DESCRIPTION OF THE TASK
After finding the line with "60959 Hook Terminal, 22" in the entries below, retype exactly each line from there through the line with "A closeup image", including that final line.

MATERIAL FOR THIS EXERCISE
== Segment start ==

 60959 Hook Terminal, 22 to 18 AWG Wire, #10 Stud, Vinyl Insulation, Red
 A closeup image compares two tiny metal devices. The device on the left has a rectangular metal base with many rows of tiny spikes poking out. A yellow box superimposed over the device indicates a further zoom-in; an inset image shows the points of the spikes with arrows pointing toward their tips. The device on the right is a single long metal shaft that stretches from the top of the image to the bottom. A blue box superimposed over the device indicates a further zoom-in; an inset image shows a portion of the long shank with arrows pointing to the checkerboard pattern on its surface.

== Segment end ==
== Segment start ==

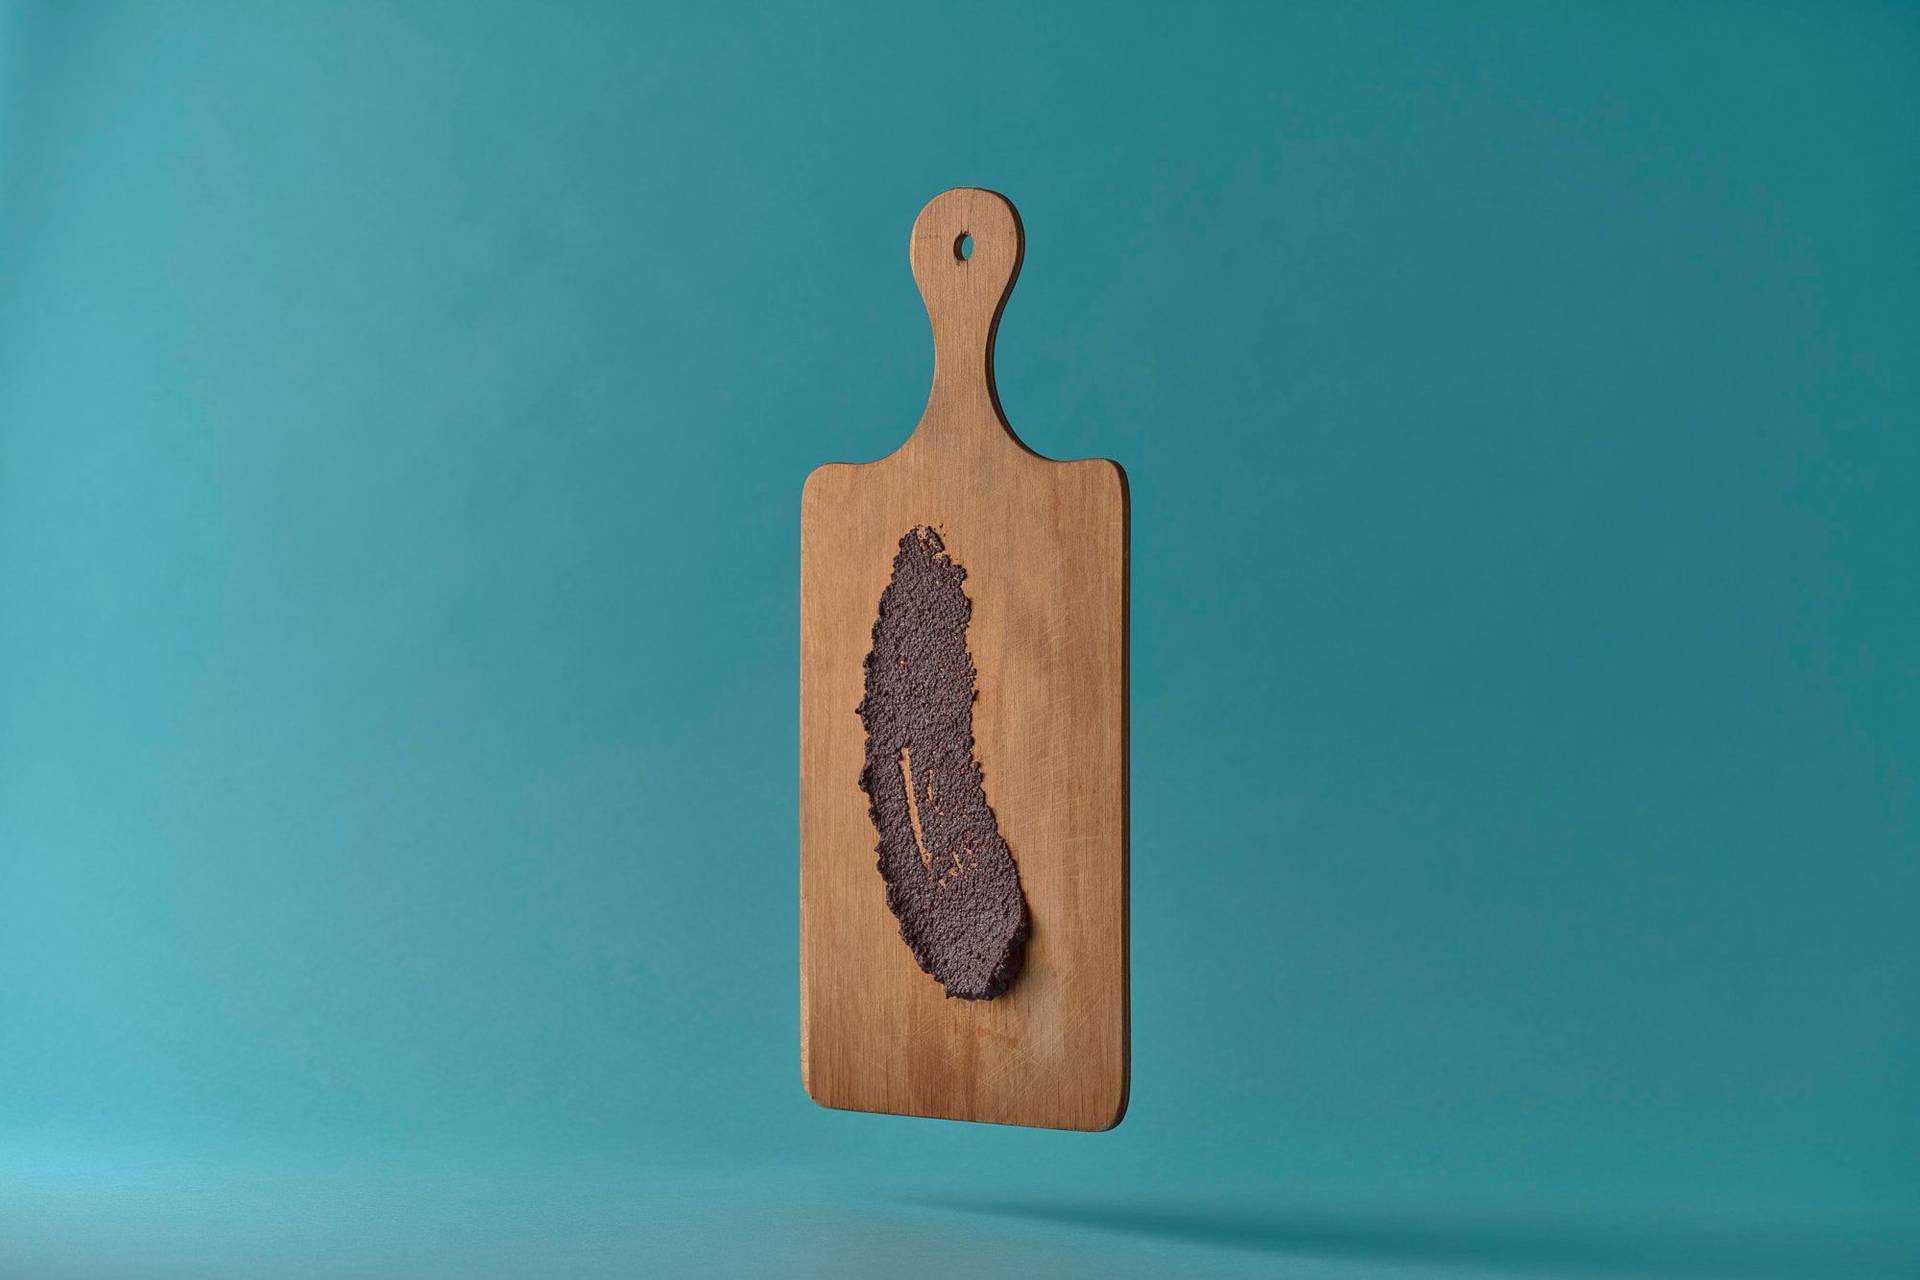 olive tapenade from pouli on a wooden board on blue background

== Segment end ==

EXERCISE RESPONSE
 60959 Hook Terminal, 22 to 18 AWG Wire, #10 Stud, Vinyl Insulation, Red
 A closeup image compares two tiny metal devices. The device on the left has a rectangular metal base with many rows of tiny spikes poking out. A yellow box superimposed over the device indicates a further zoom-in; an inset image shows the points of the spikes with arrows pointing toward their tips. The device on the right is a single long metal shaft that stretches from the top of the image to the bottom. A blue box superimposed over the device indicates a further zoom-in; an inset image shows a portion of the long shank with arrows pointing to the checkerboard pattern on its surface.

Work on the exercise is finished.